Ich gehe auf zukünftigen Kundenbedürfnisse bezüglich Beratung und Verkauf von Fahrausweisen ein, indem ich an den Schweizer Bahnhöfen des Léman Express geeignete, qualitativ hochwertige Verkaufsanlagen zur Verfügung stelle. Ein konkretes Beispiel hierfür ist das neue Reisezentrum am Bahnhof Genève-Eaux-Vives. Dort bieten unsere Berater den Kunden des Léman Express und den Bewohnern des Quartiers einen personalisierten Service. Insgesamt stellen wir an den neuen Bahnhöfen rund zehn Billettautomaten und dreissig Entwerter auf.

Was macht deine Arbeit besonders interessant?

Ich erlebe die Betriebseinführung des grössten grenzüberschreitenden Regionalbahnnetzes Europas. Die Zusammenarbeit mit Vertretern jeder Division bereichert diese Erfahrung. Es ist interessant, eine Gesamtvision des Prozesses zu haben und all seine Facetten zu kennen. Grosse Herausforderungen machen die Arbeit abwechslungsreich und spannend: die Vielfalt der Themen, der Austausch in den verschiedenen Arbeitsgruppen und die Suche nach innovativen Lösungen.

Welche Herausforderungen kommen noch auf dich zu?

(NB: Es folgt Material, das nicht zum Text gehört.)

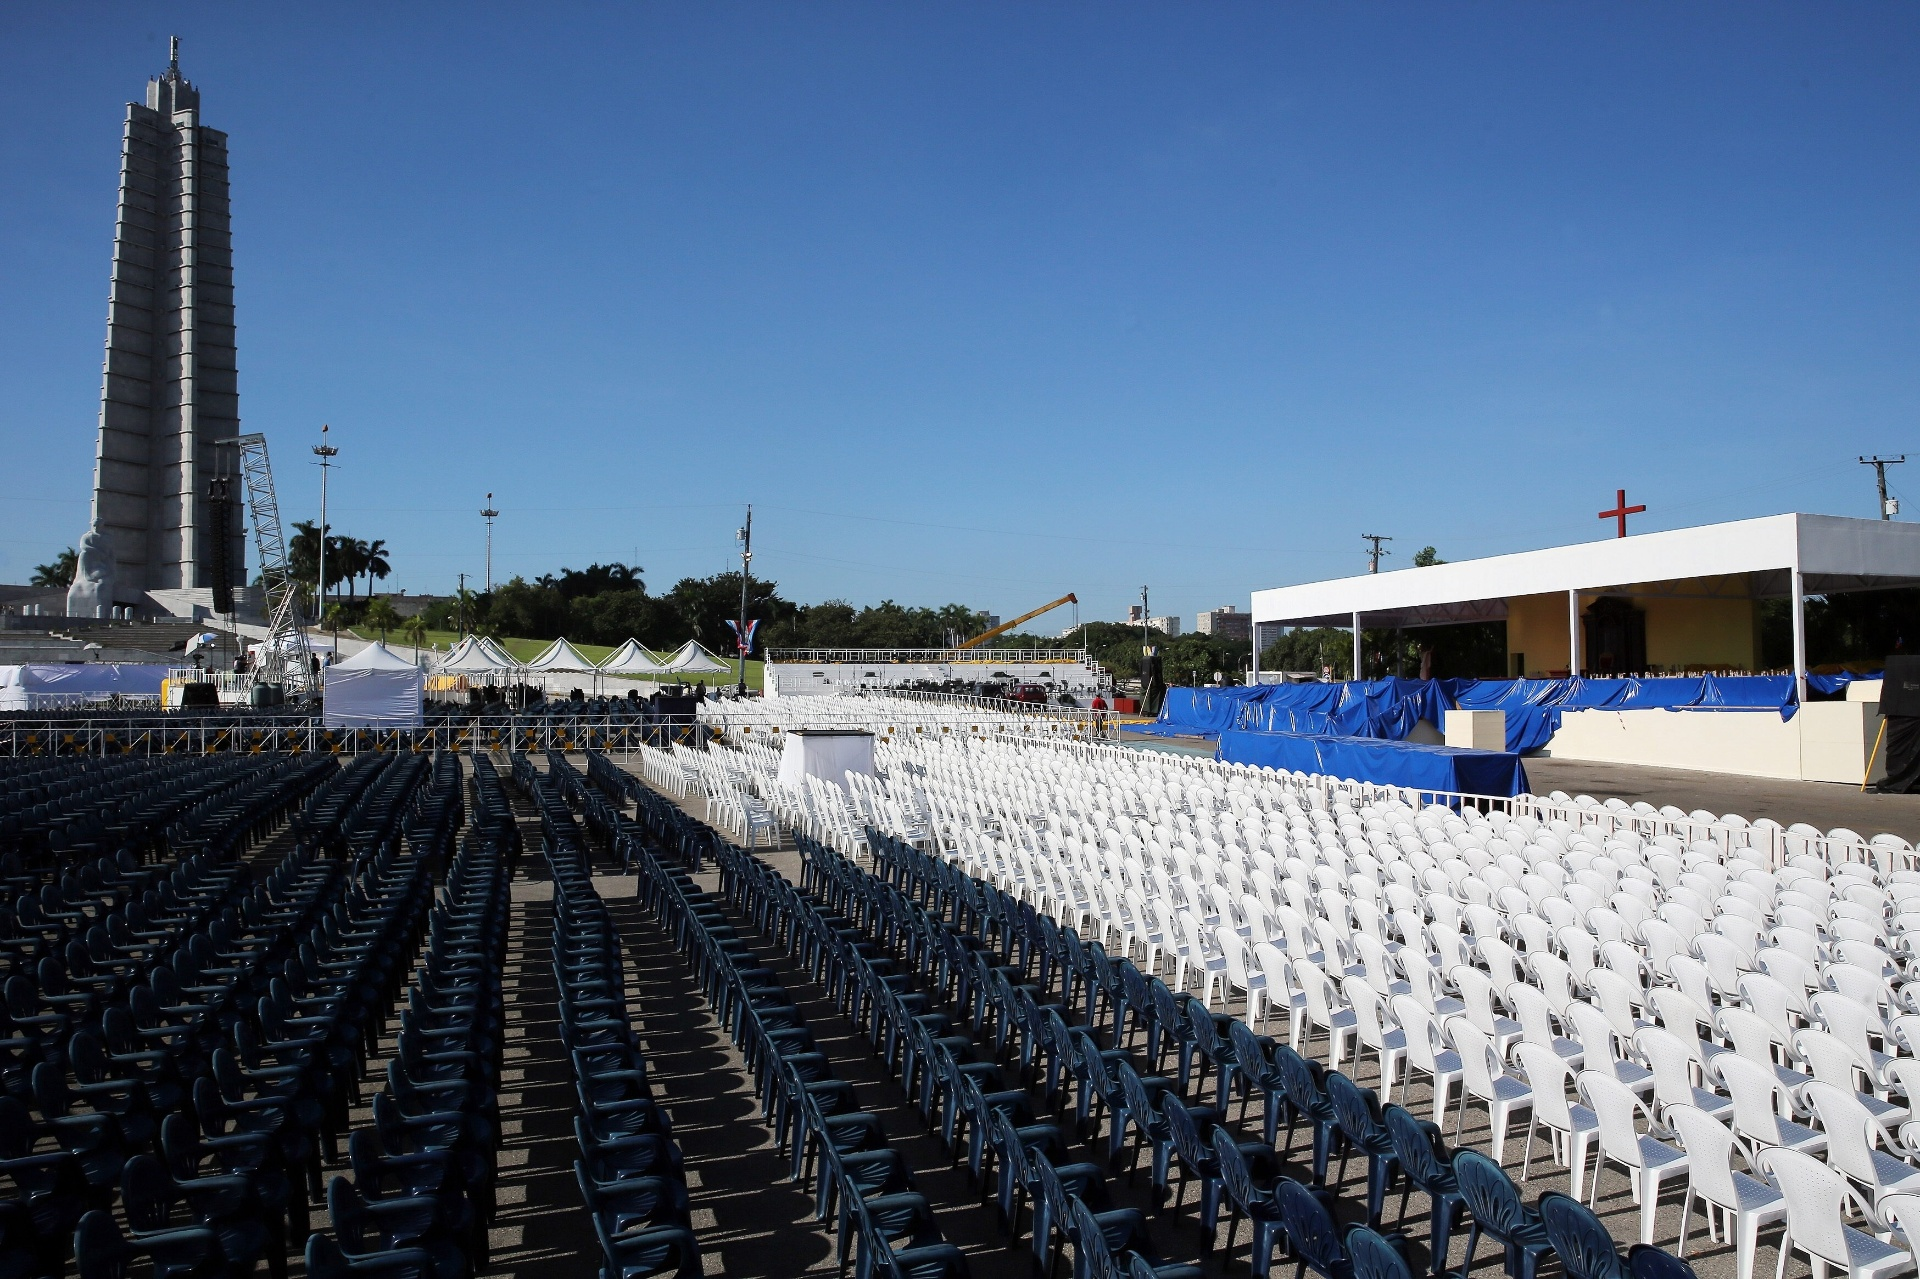 18.set.2015 - Cadeiras são colocadas na praça da Revolução, onde o papa Francisco celebrará uma missa, em Havana, Cuba. O papa Francisco começará no próximo sábado (19) sua 10ª viagem internacional, um périplo que o levará a Cuba e aos Estados Unidos durante nove dias, nos quais fará 26 discursos

Mit den verschiedenen Partnern, insbesondere der SNCF, müssen wir noch die grenzüberschreitenden Vertriebsgrundsätze definieren und vertraglich festlegen. Wir wollen das ganze Angebot sowohl in Frankreich als auch in der Schweiz auf den wichtigsten Verkaufskanälen verfügbar machen. Demnächst startet eine bedeutende Umsetzungsphase, die eine sorgfältige Koordination und Kontrolle erfordert. Dabei geht es um die Rekrutierung und Ausbildung der Mitarbeitenden, um den Bau und die Inbetriebnahme des Reisezentrums Eaux-Vives, um die Montage der Anlagen für den Verkauf von Fahrausweisen in den neuen Bahnhöfen und um die Begleitung der Personen mit eingeschränkter Mobilität. Ich nutze diese Gelegenheit, um mich bei allen betroffenen Personen für ihren Einsatz zu bedanken.

Michael Pittet, Projektleiter Bedienter Vertrieb

Seine Rolle, bevor er die heutige Funktion übernommen hat:
IT-Vertriebsmanager bei der SBB

Alter und Jahre bei der SBB:
Er ist 38 Jahre alt und seit 21 Jahre bei der SBB

So erlebt er den Léman-Express:
«Ich kann damit meinen Schwager im schönen Annecy besuchen. Wir lieben es beide zu wakesurfen und werden dabei das tolle Panorama vom See aus geniessen.»

OVMEL: Die ganze Bahnproduktionskette an einem Tisch

Die Organisation Personenverkehr wurde für die Betriebseinführung Léman im Februar 2017 lanciert, um den kommerziellen Betrieb des Léman Express bis Dezember 2019 aufzugleisen und dabei die Projekte von Léman 2030 zu berücksichtigen. In dieser Struktur sind alle Kompetenzen der Division Personenverkehr zusammengefasst. Somit bildet sie die gesamte Bahnproduktionskette ab. Die OVMEL ist also eine Art Division Personenverkehr in Miniatur. Die Bauarbeiten an der CEVA-Strecke gehen Mitte 2019 zu Ende. Damit sind nun alle Augen auf das künftige Personenverkehrsangebot gerichtet. Die OVMEL besteht aus einer Projektleitung und zehn Teilprojekten (Losen). Für jedes Los ist je ein Fachkader verantwortlich. Vom Standort der Billettautomaten über die Anzahl der im Netz verkehrenden Züge bis zur Lokführerausbildung werden hier alle konkreten Aspekte des künftigen Léman-Express-Angebots entworfen und genehmigt. Und dies immer in Zusammenarbeit mit der SNCF und unserer Tochtergesellschaft Lémanis AG. Weniger als 350 Tage vor Inbetriebnahme des Léman Express soll mit dieser Porträt-Serie gezeigt werden, wie umfassend und vielfältig die Arbeiten sind, die unsere Kollegen und ihre Teams – insgesamt etwa 60 Personen – dafür erbringen. Dabei werden auch die facettenreichen Aspekte vorgestellt, welche die Schaffung dieses beispiellosen grenzüberschreitenden Bahnangebots mit sich bringt. Bitte steigt ein in den Léman Express!